**Recorded data**
****************************************
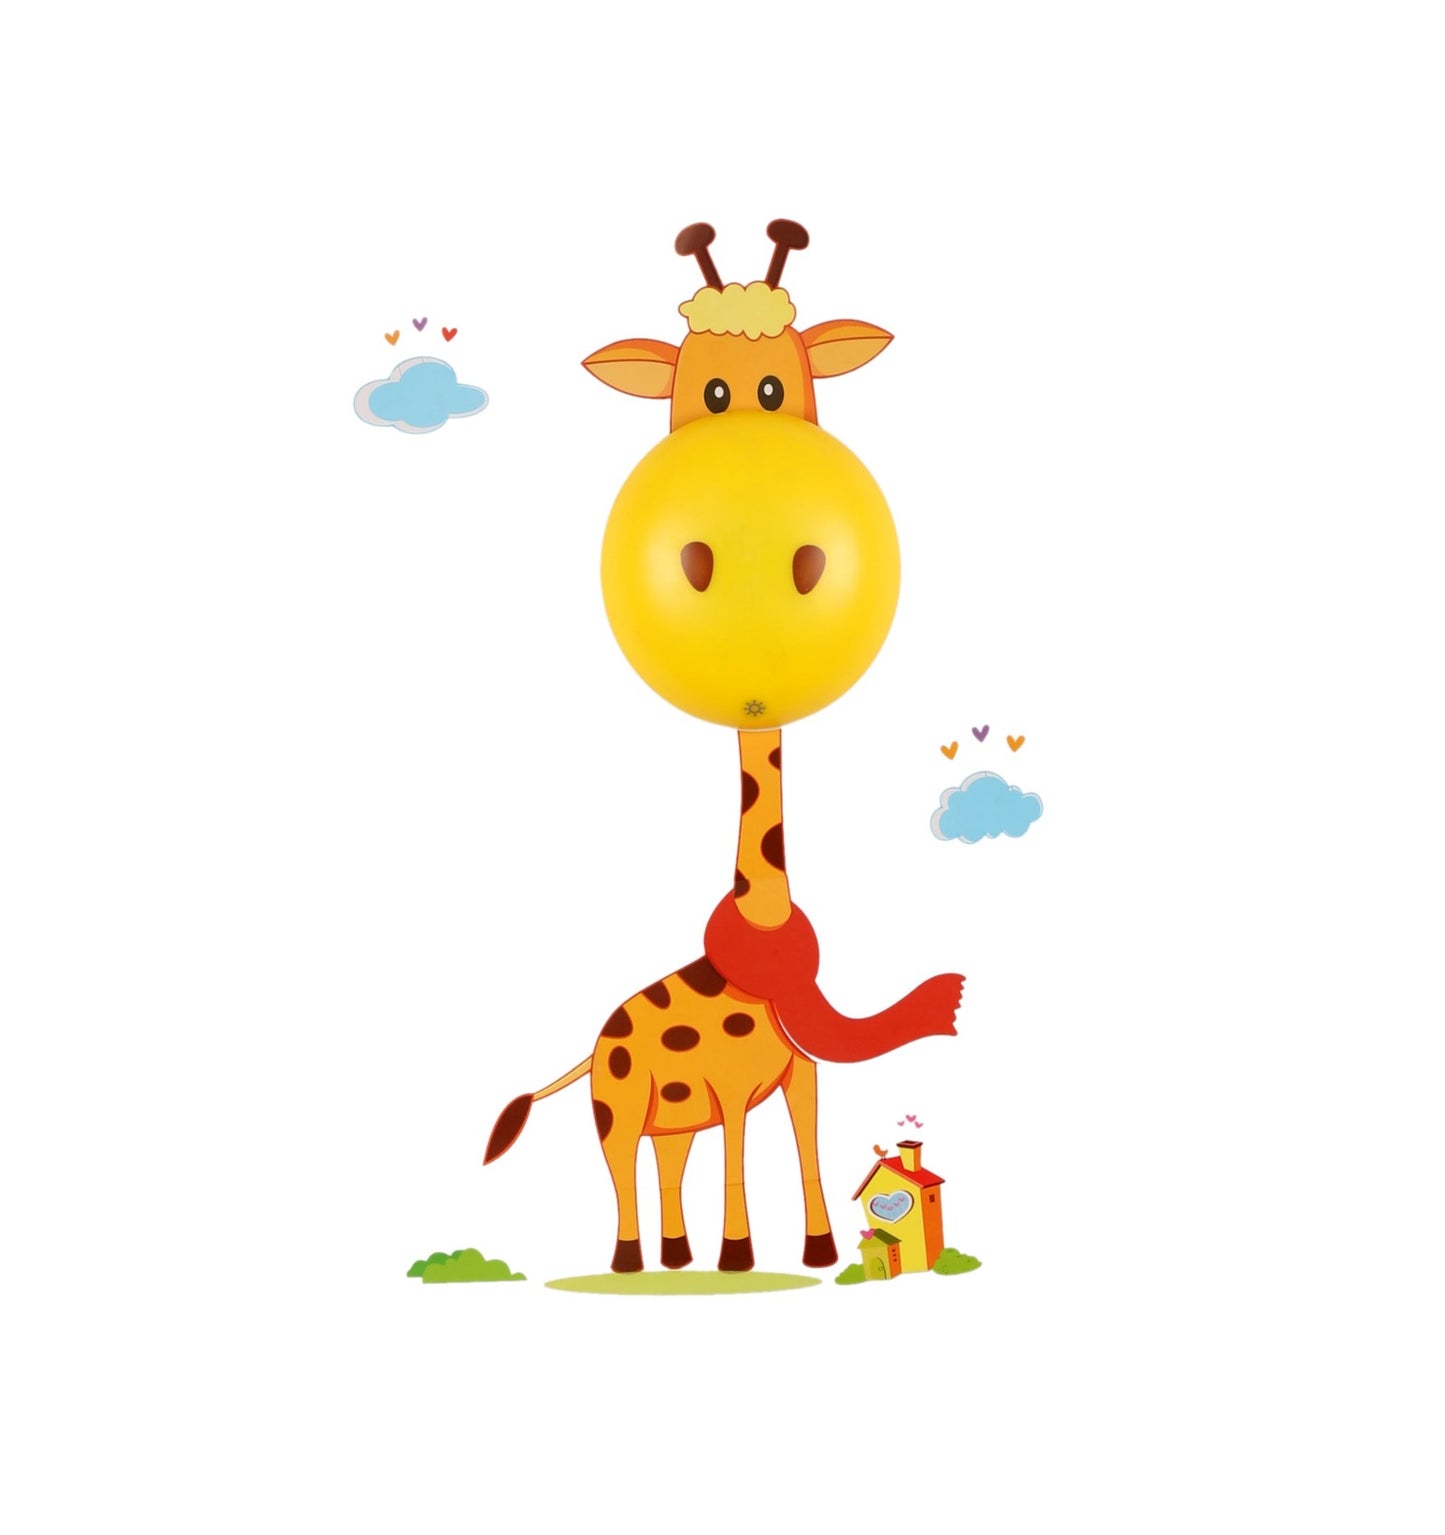 Wall Light Giraffe
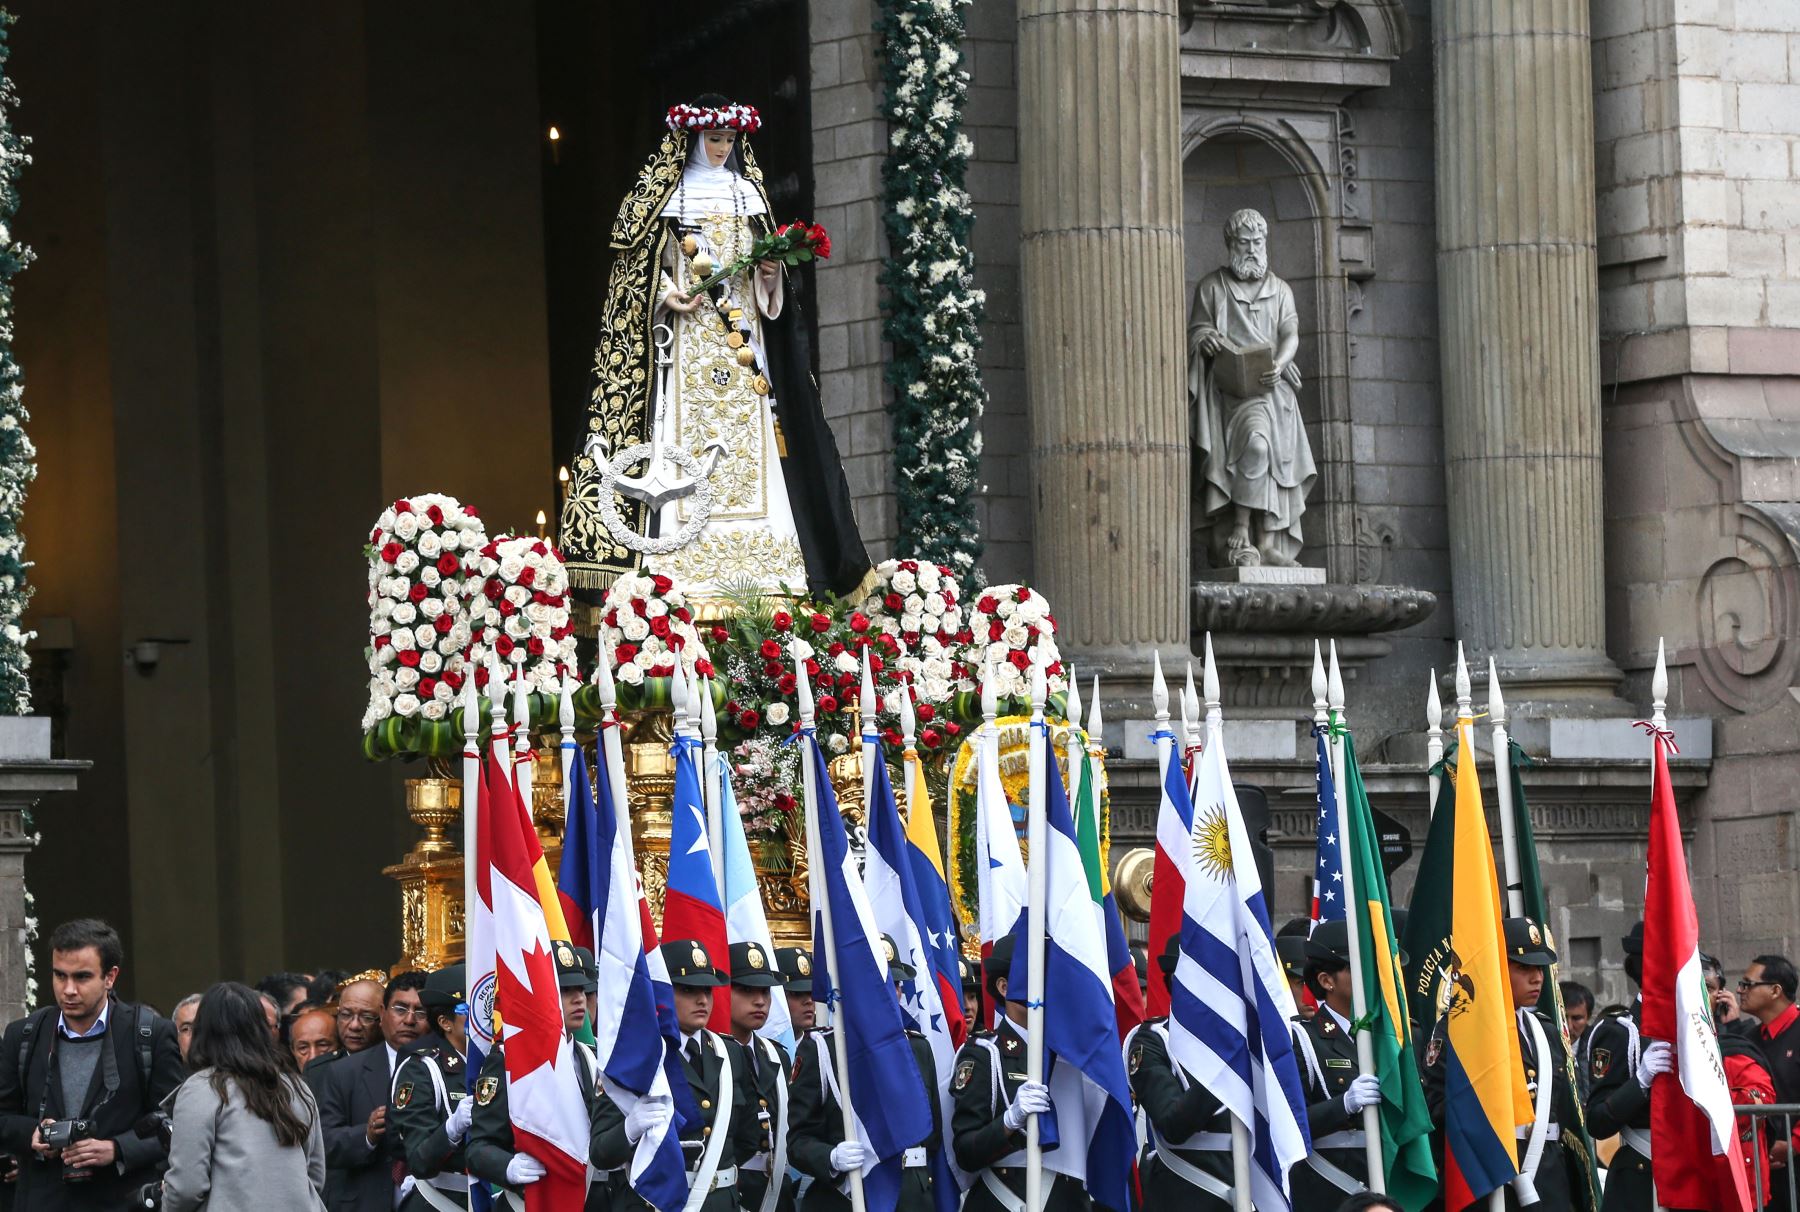 LIMA PERÚ, AGOSTO 30. Presidente de la República Pedro Pablo Kuczynski participa de una Misa de Acción de Gracias en honor a Santa Rosa de Lima, realizada en La Plaza de Armas. Foto: ANDINA/Norman Córdova
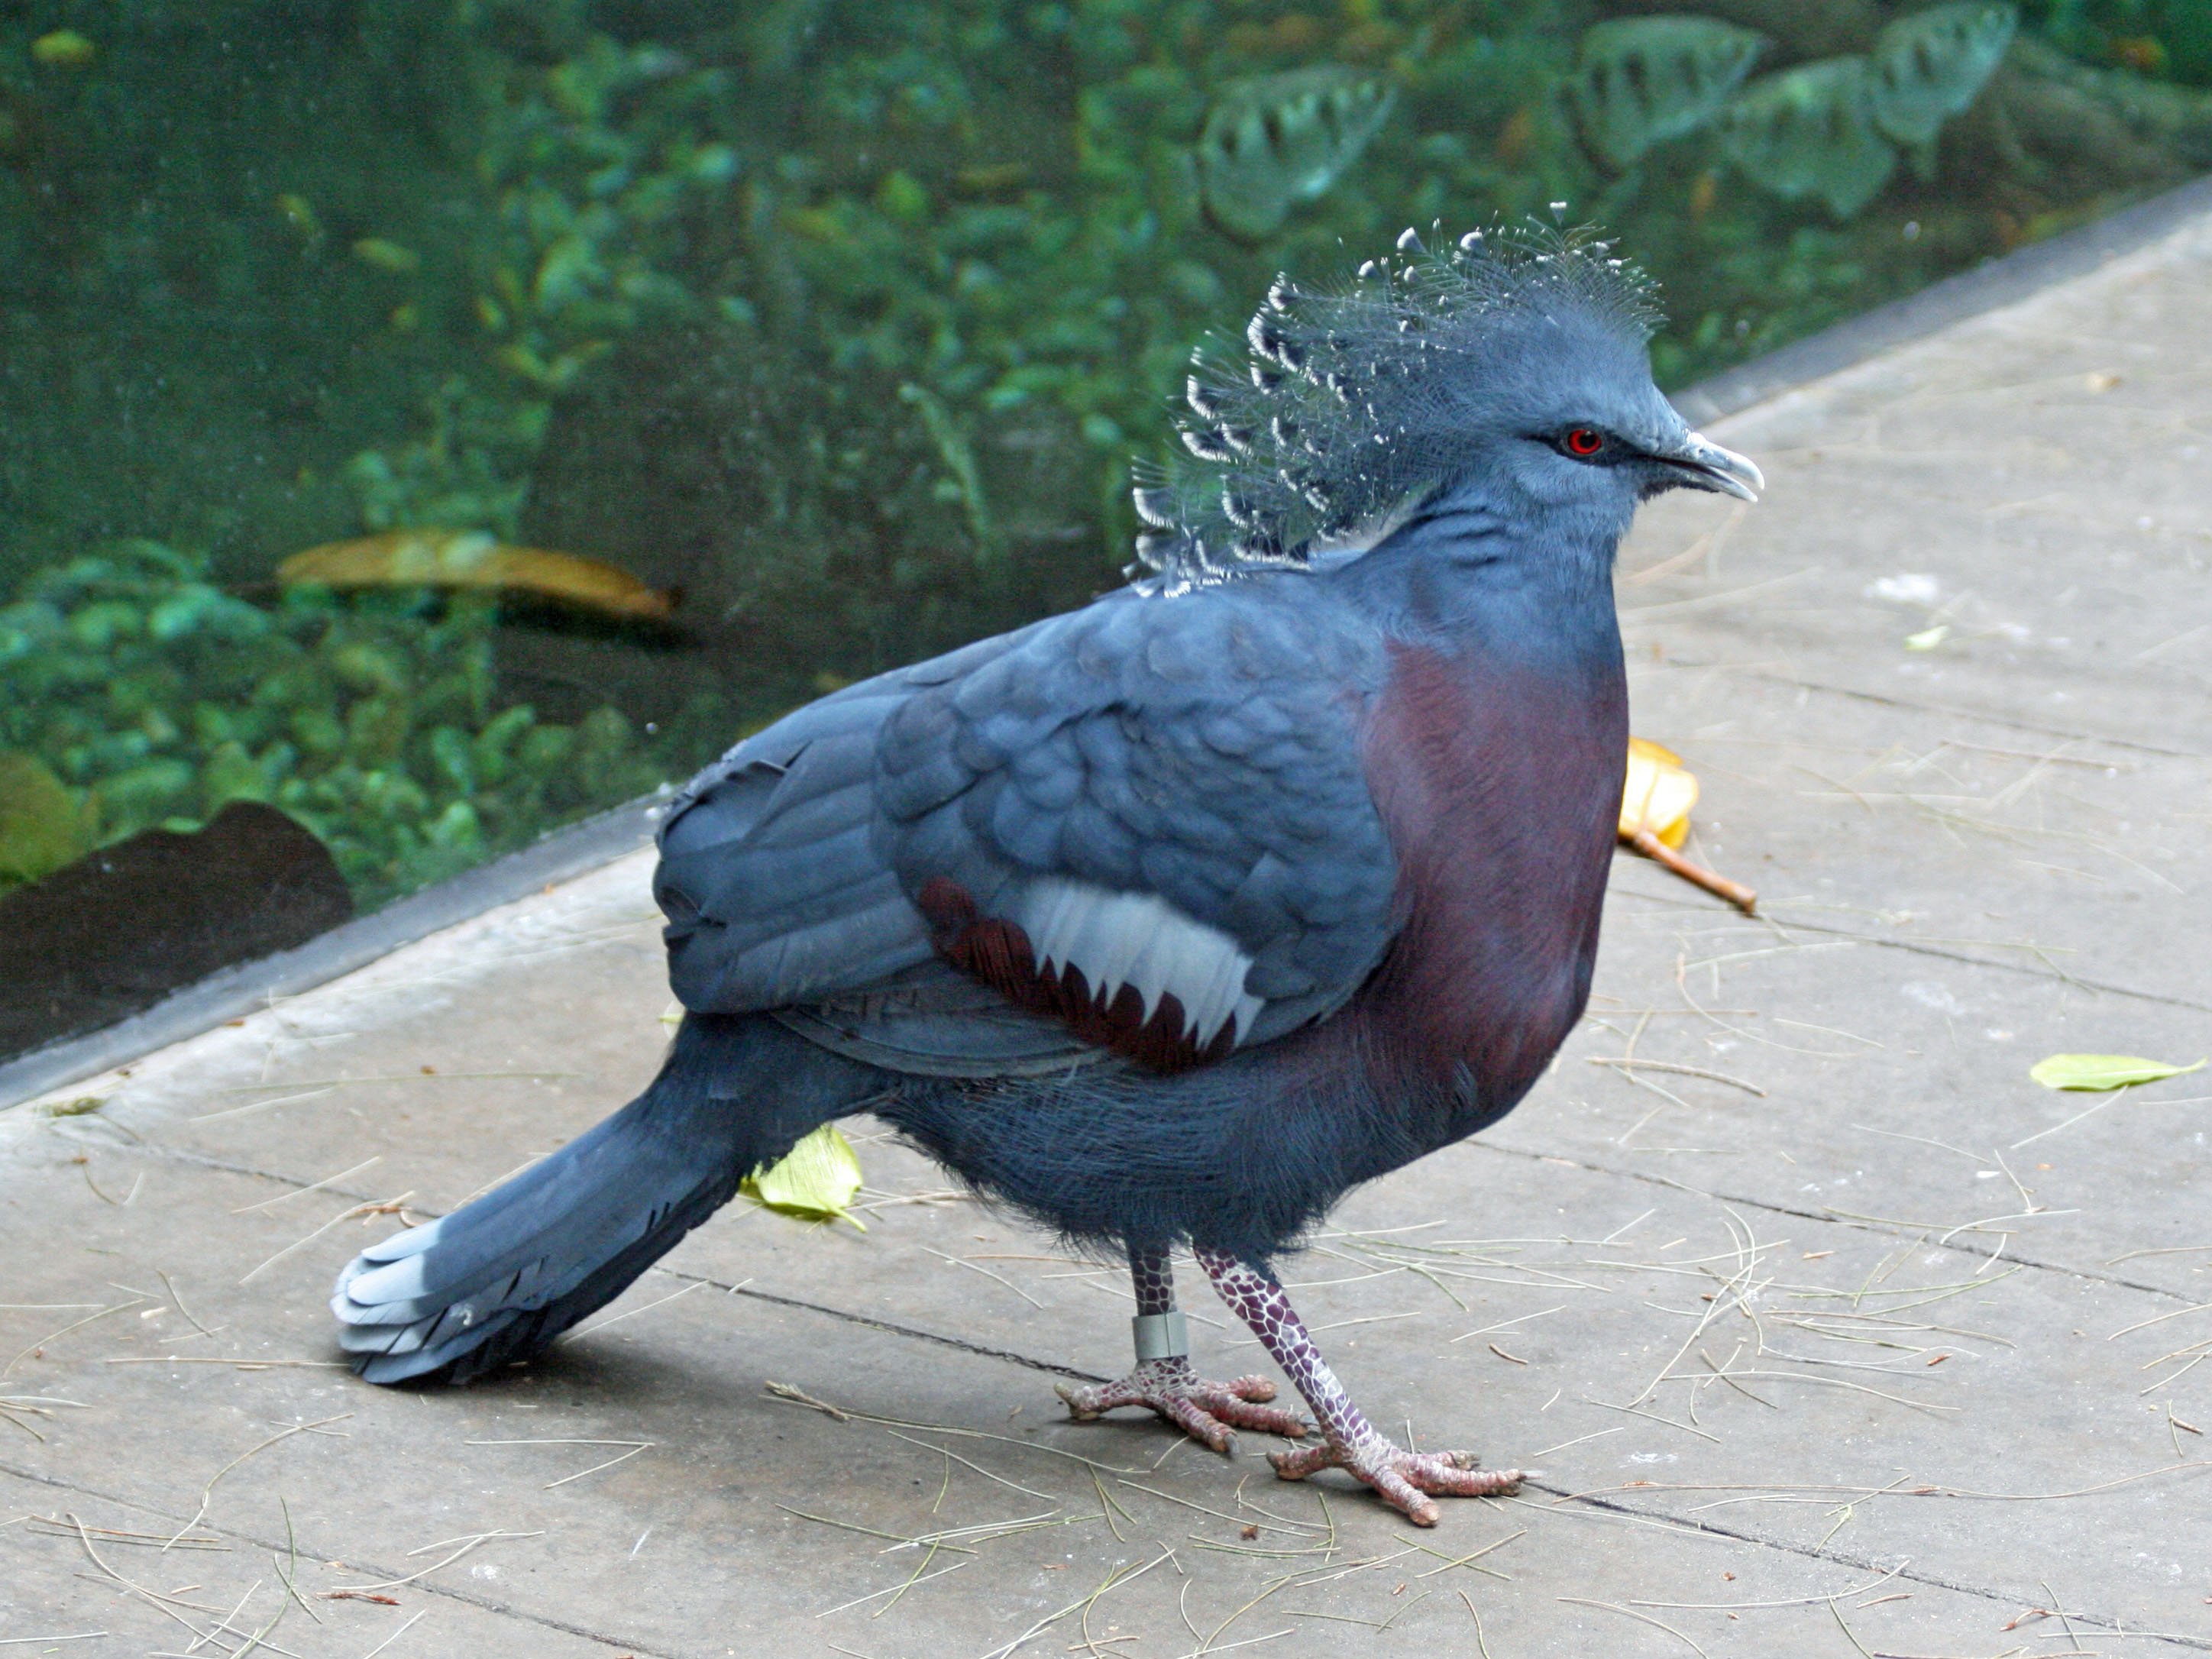 Victoria Crowned Pigeon #2
****************************************
**The problem**
Print the material word for word without images.

**Response area**
 Wall Light Giraffe
 LIMA PERÚ, AGOSTO 30. Presidente de la República Pedro Pablo Kuczynski participa de una Misa de Acción de Gracias en honor a Santa Rosa de Lima, realizada en La Plaza de Armas. Foto: ANDINA/Norman Córdova
 Victoria Crowned Pigeon #2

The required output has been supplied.